The judge was patient. Eugene Wolters was not before him for sentencing; he was not a criminal. He was a father. The judge was a father too. I knew the judge would know, without a doubt, this was a good father, this was a good family, and now he had to see me and Hester, not just the data in our presentence reports. Dad turned to my mom and held her hand more tightly. “This sentence extends to all of us here today.” Dad made a sweeping gesture toward our cheerleading section from Cincinnati. “Your Honor, as I said, my daughters have never been in trouble with the law.” He stood silent for a long moment before he could continue. “I hope that this court shows us mercy.”
Hearing this from my father took my breath away. In all of this, I had never been able to quantify or genuinely acknowledge the pain and suffering this predicament had caused him and Mom. But there it was, their pain flooding my ears and my heart like molten lava. I felt like my heart had stopped pumping blood out but kept pumping it in, and it would explode.
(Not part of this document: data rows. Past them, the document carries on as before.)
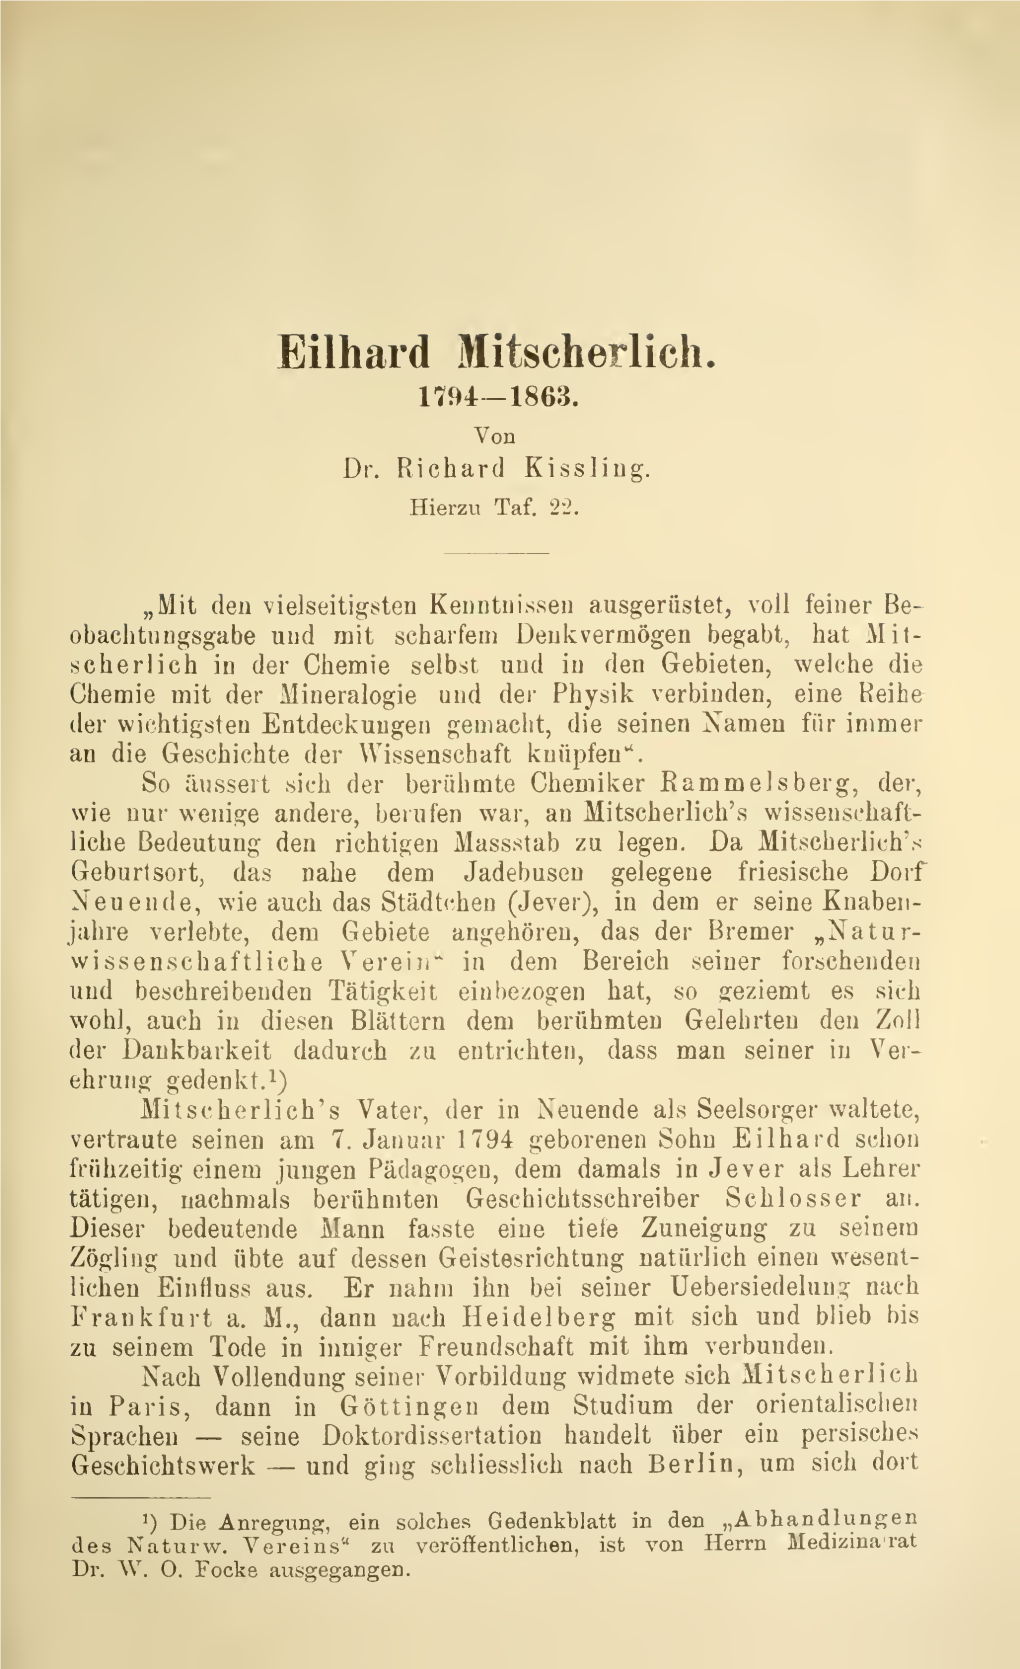 Eilhard Mitscherlich. 1794-1863
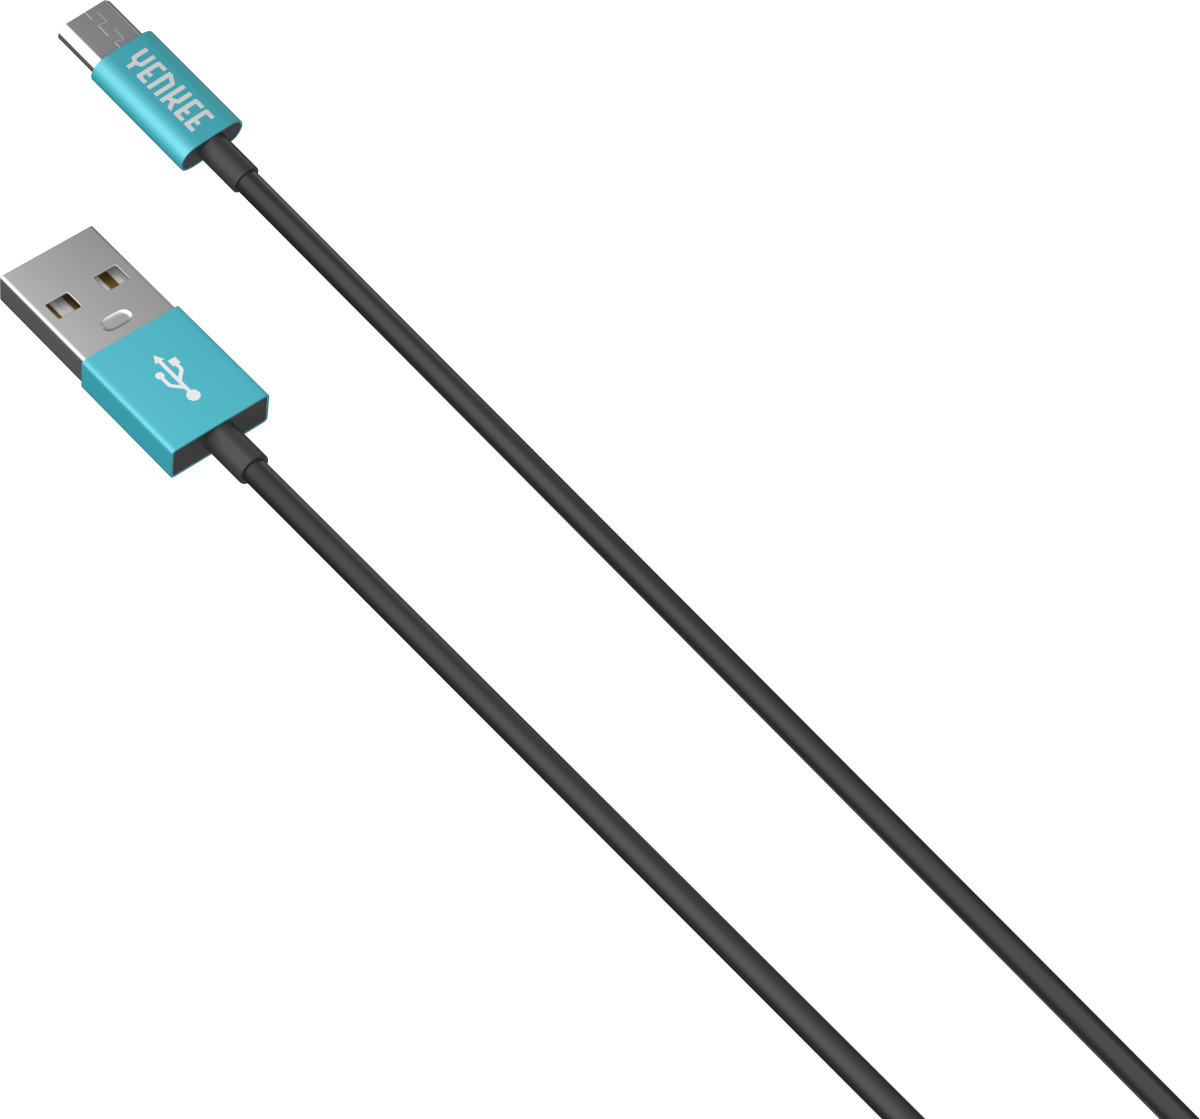 Synchronizační a nabíjecí kabel USB 1 m
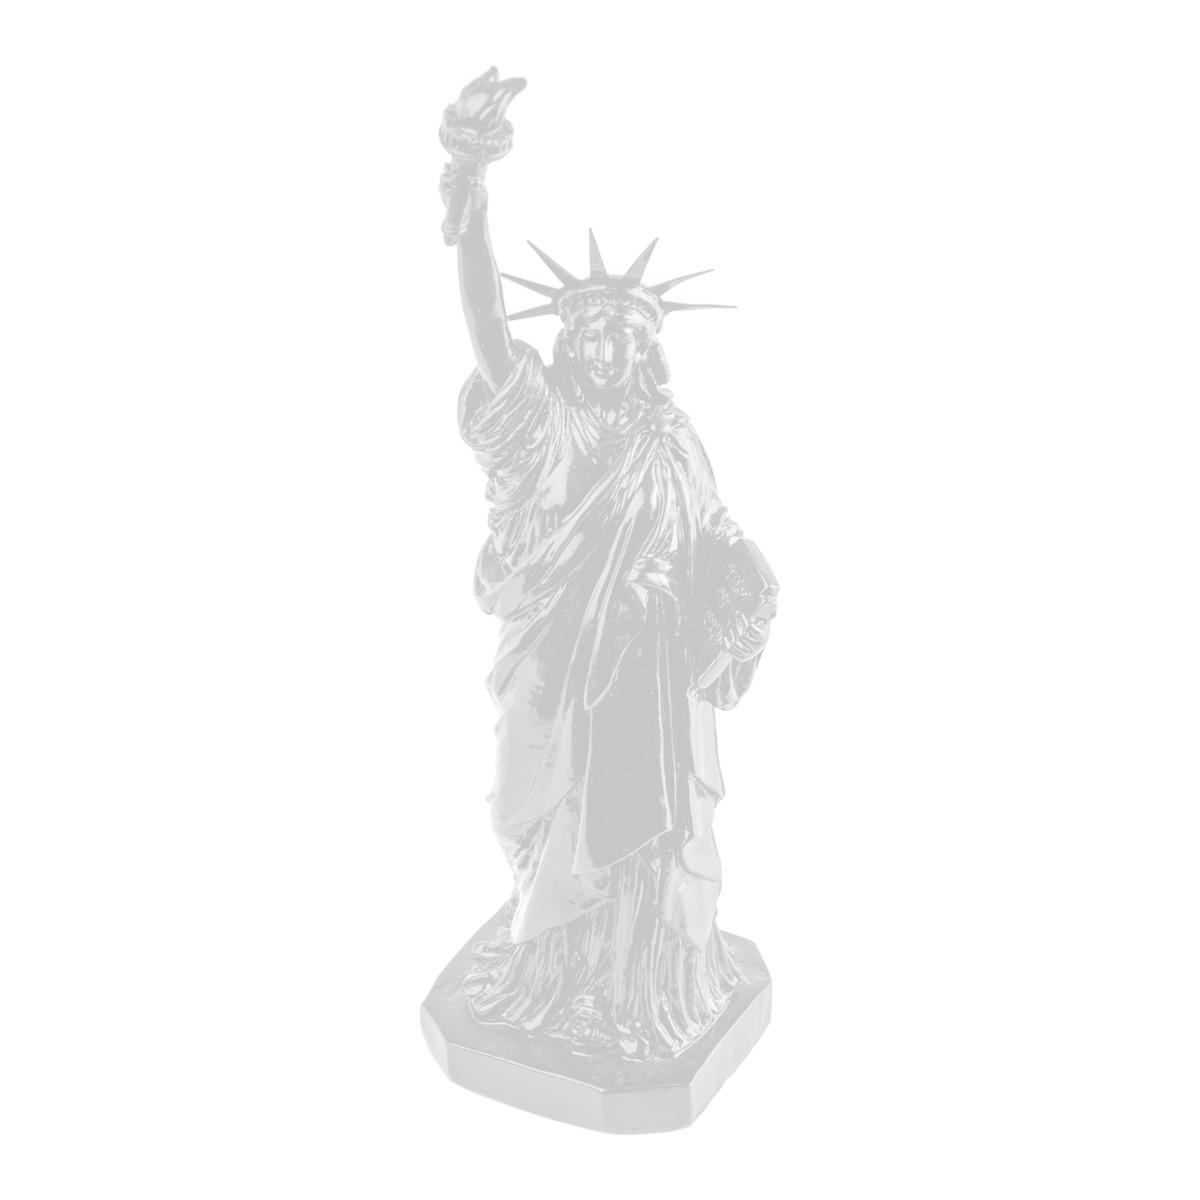 Statue de la liberté en résine - 8,8 x H 30 cm - Différents coloris
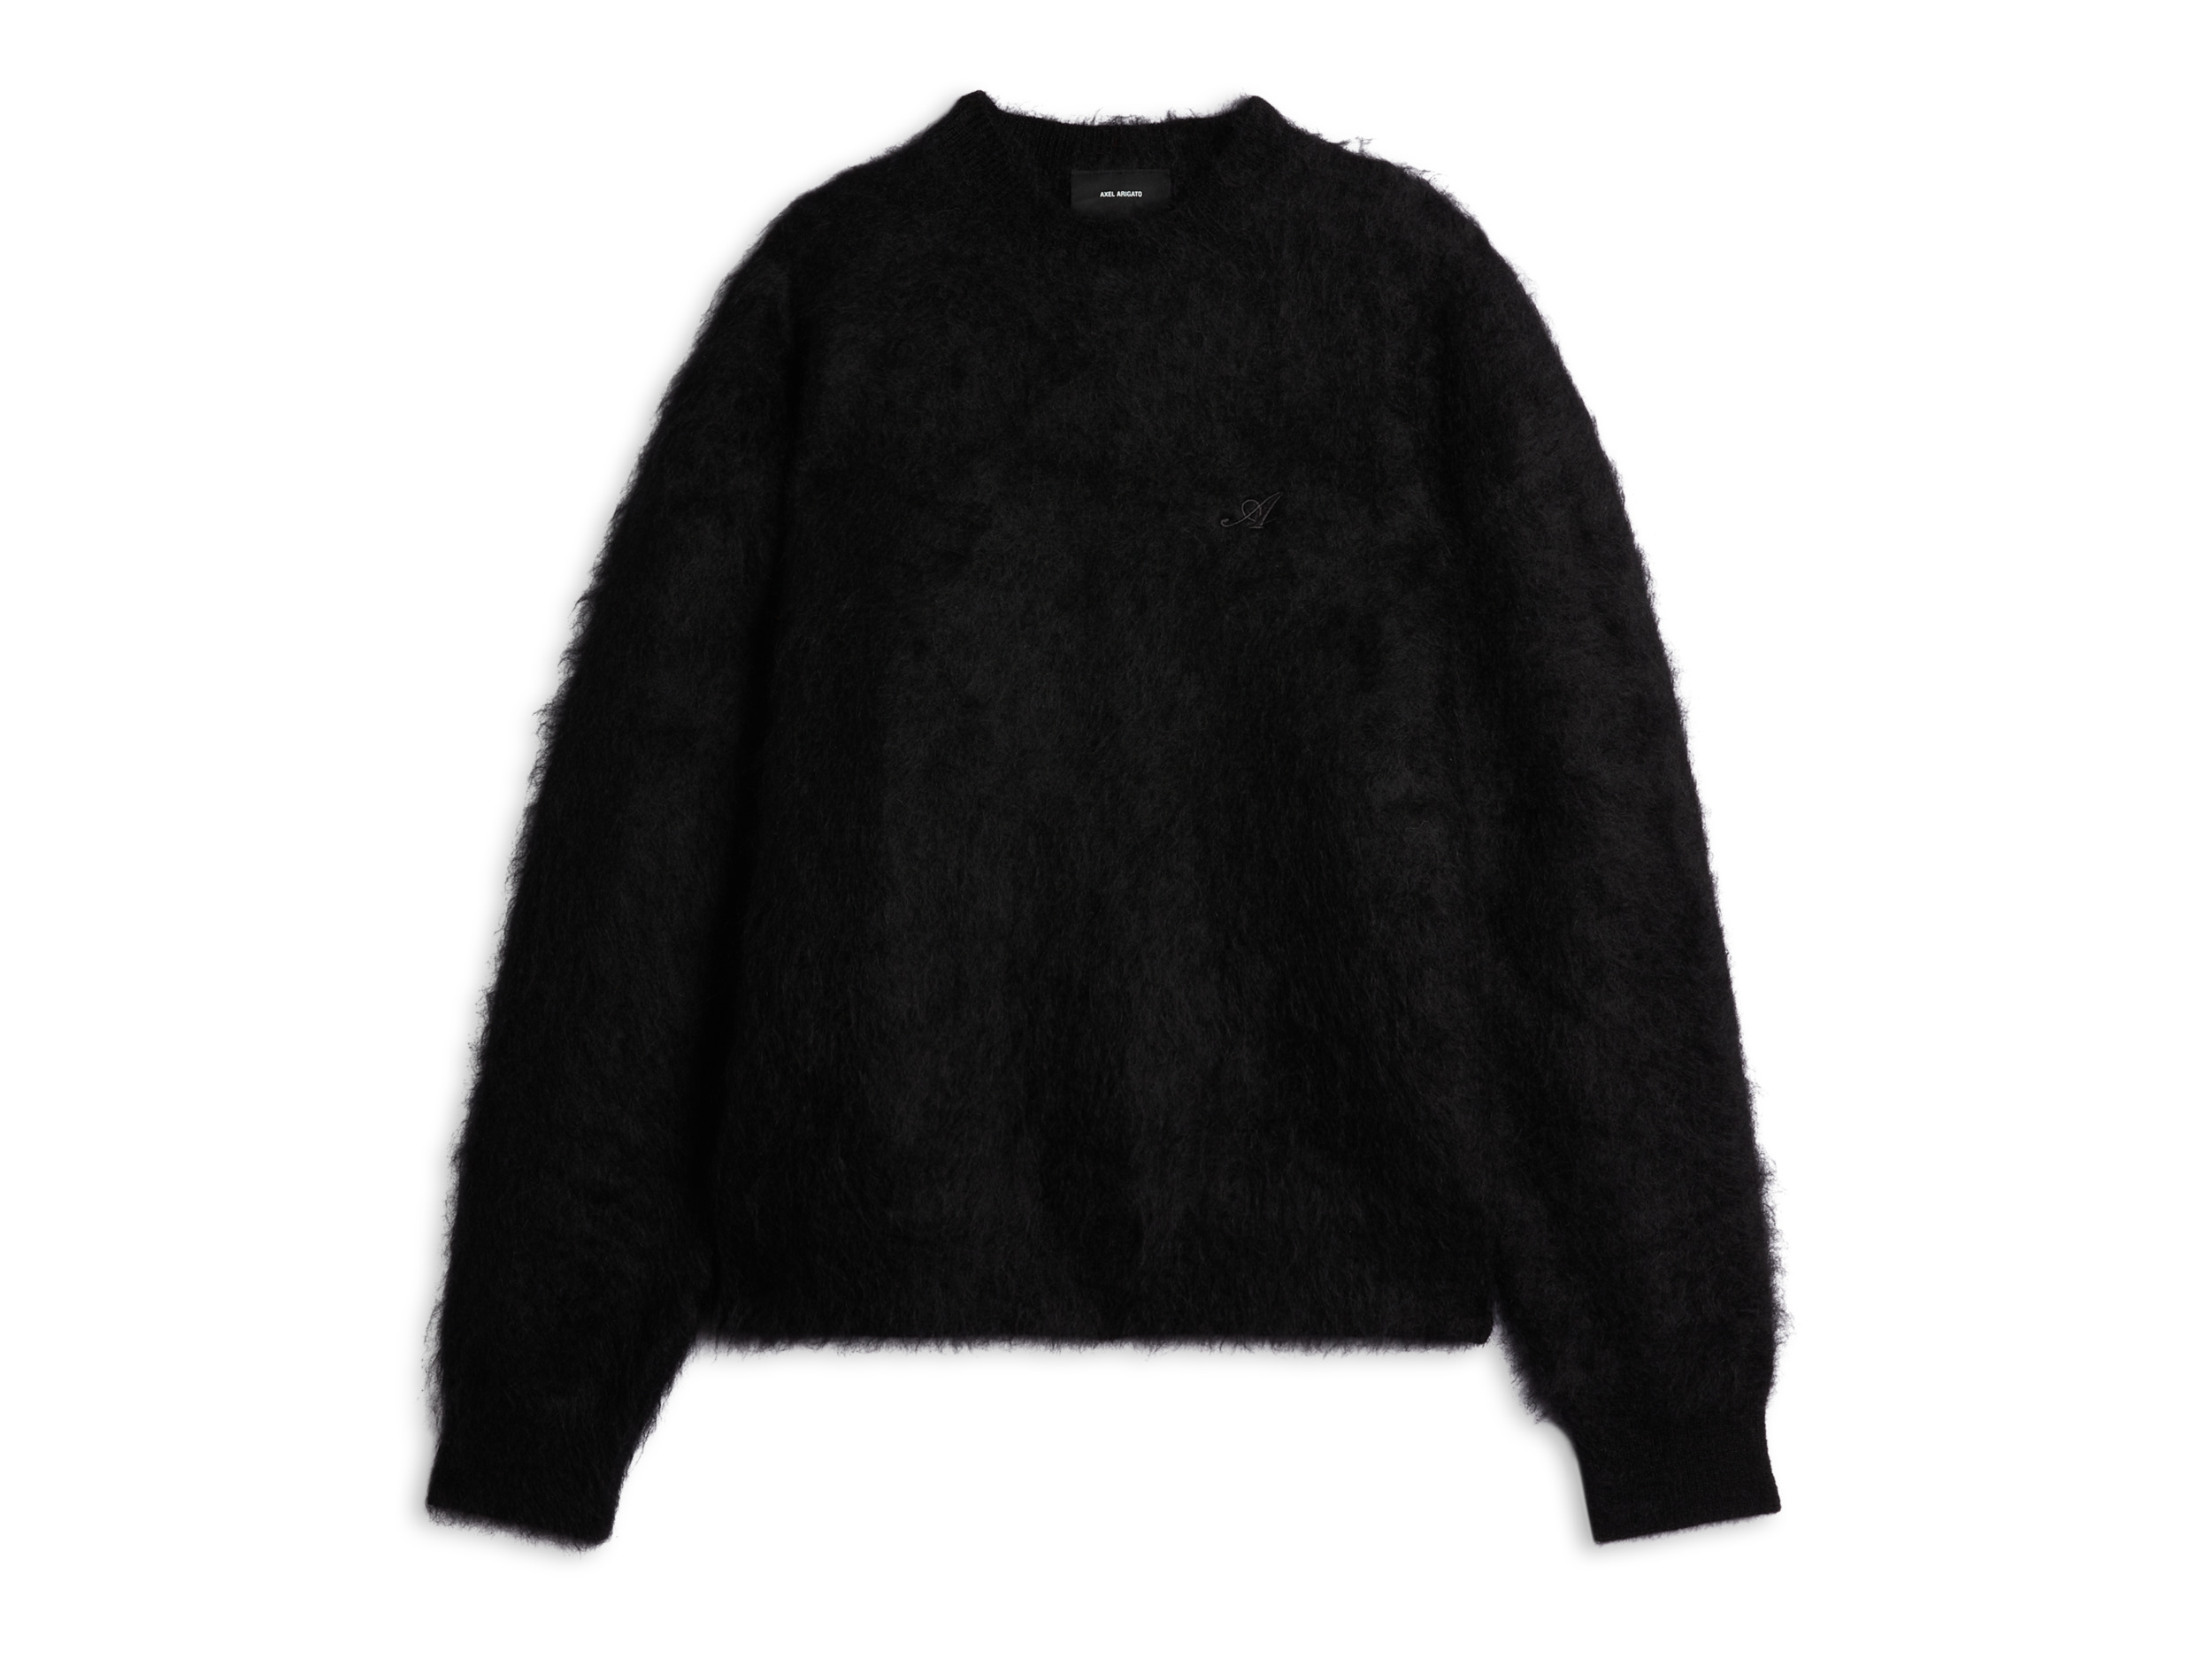 Primary Sweater - 1
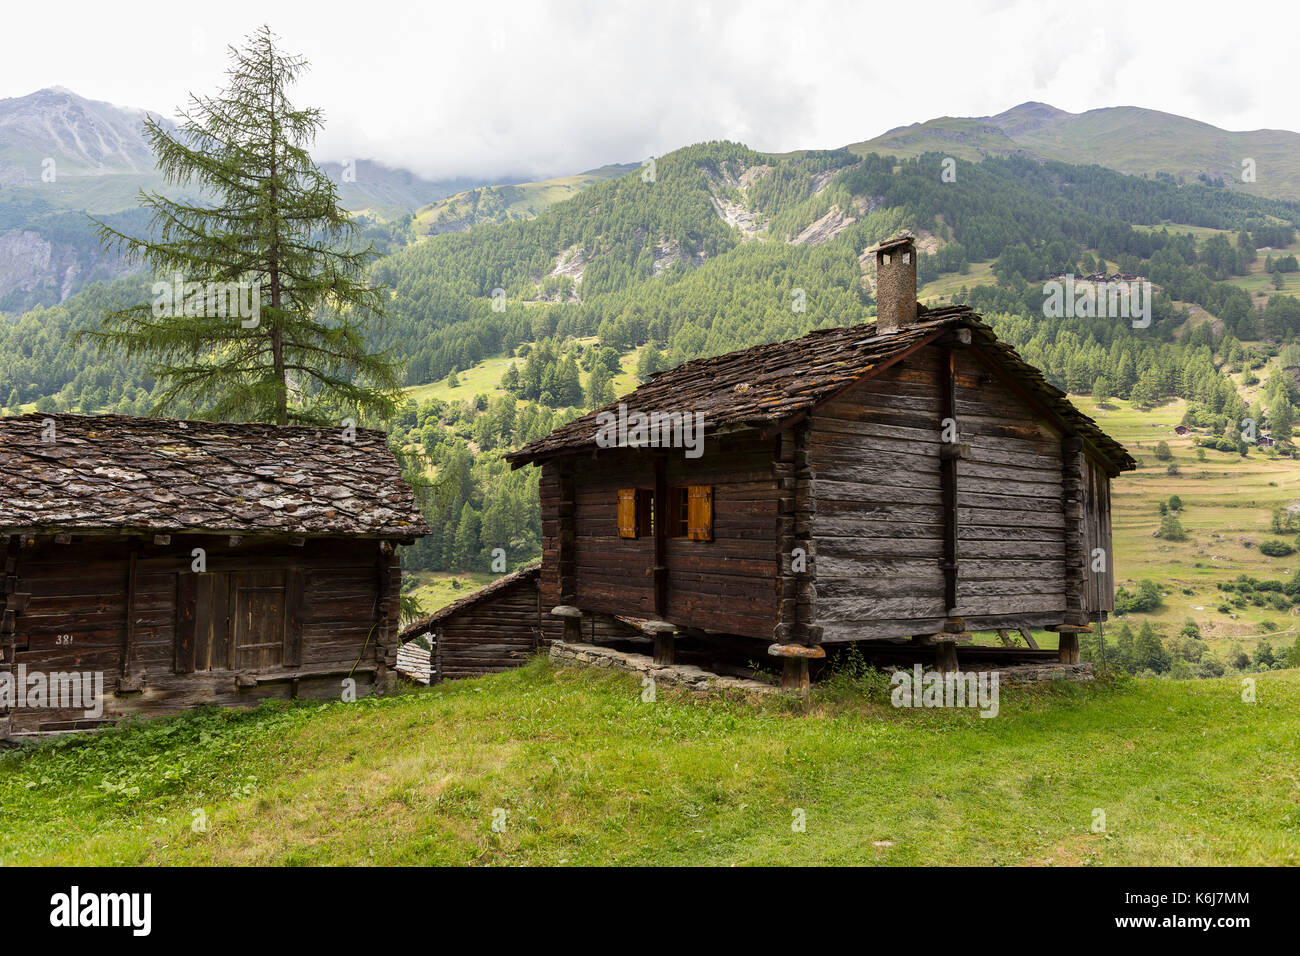 Les hauderes, Svizzera - cabina tradizionale alpi Pennine. Foto Stock

The judge spoke about how horrible my crimes were and how, in spite of his compassion for the family, the crimes demanded harsh sentencing. Besides, it wasn’t in his hands anyway . . . “mandatory minimums” . . . blah, blah, blah. I heard the judgment: “Ninety-four months to be followed by five years supervised release.” He asked me something, but I have no idea what. Alan, my lawyer, responded for me, and it was done. Alan and I were excused from the court and walked out. I felt like I had left my sister to be torn apart by wild dogs. My father gave me a sad smile as I walked by.
The weirdest thing imaginable happened when we left the courtroom. I felt great, fucking fantastic. I felt like a ten-thousand-pound weight had just been lifted off me. It wasn’t until that moment that
I understood how heavy it had been, the not knowing, the waiting, the hoping, for over six fucking long years I had been dead. But I felt alive again, like someone had just zapped me with those electric paddles and my happy heart was beating again. I could now see an end to this. It might be years away, but it existed. My whole family would celebrate when that happened. I could see it: Mom and Dad, probably at the Bankers Club, popping corks and cheering.
My sister came out of the courtroom a few minutes later and my elation vanished. She looked pale as a ghost and pissed off. Her lawyer had prepared her for forty-eight months; she got seventy-two. My brother came out next and looked lost. Then Hester’s husband of six months—a Tom Cruise look-alike named Matt—Mom, and Dad came out with my sister’s lawyer and formed a huddle, probably about the surprise addition of two years to Hester’s sentence. Hester walked toward me and Alan while digging in her bag. She pulled out her pack of cigarettes.
“Tell them we’re outside smoking. We’ll be there waiting for them.” She’d said this to my lawyer, Alan, assuming he knew whom he was to deliver the message to and that he would hang around waiting to do so. She grabbed my hand and yanked me in the direction she had told Alan we were heading, gripping my hand and towing me toward the elevator. I passively followed her to the elevator and I saw a smile form on her lips while we were waiting. I think in spite of the nasty turn of events, she was having her strange minute of joy too. We were given three months to turn ourselves in, so I hoped she wasn’t planning on making a run for it, not right then anyway. We were stopping for a cigarette outside though, so I knew I would have the length of a cigarette or two to talk her out of jumping if that is what the happy smile on her face meant.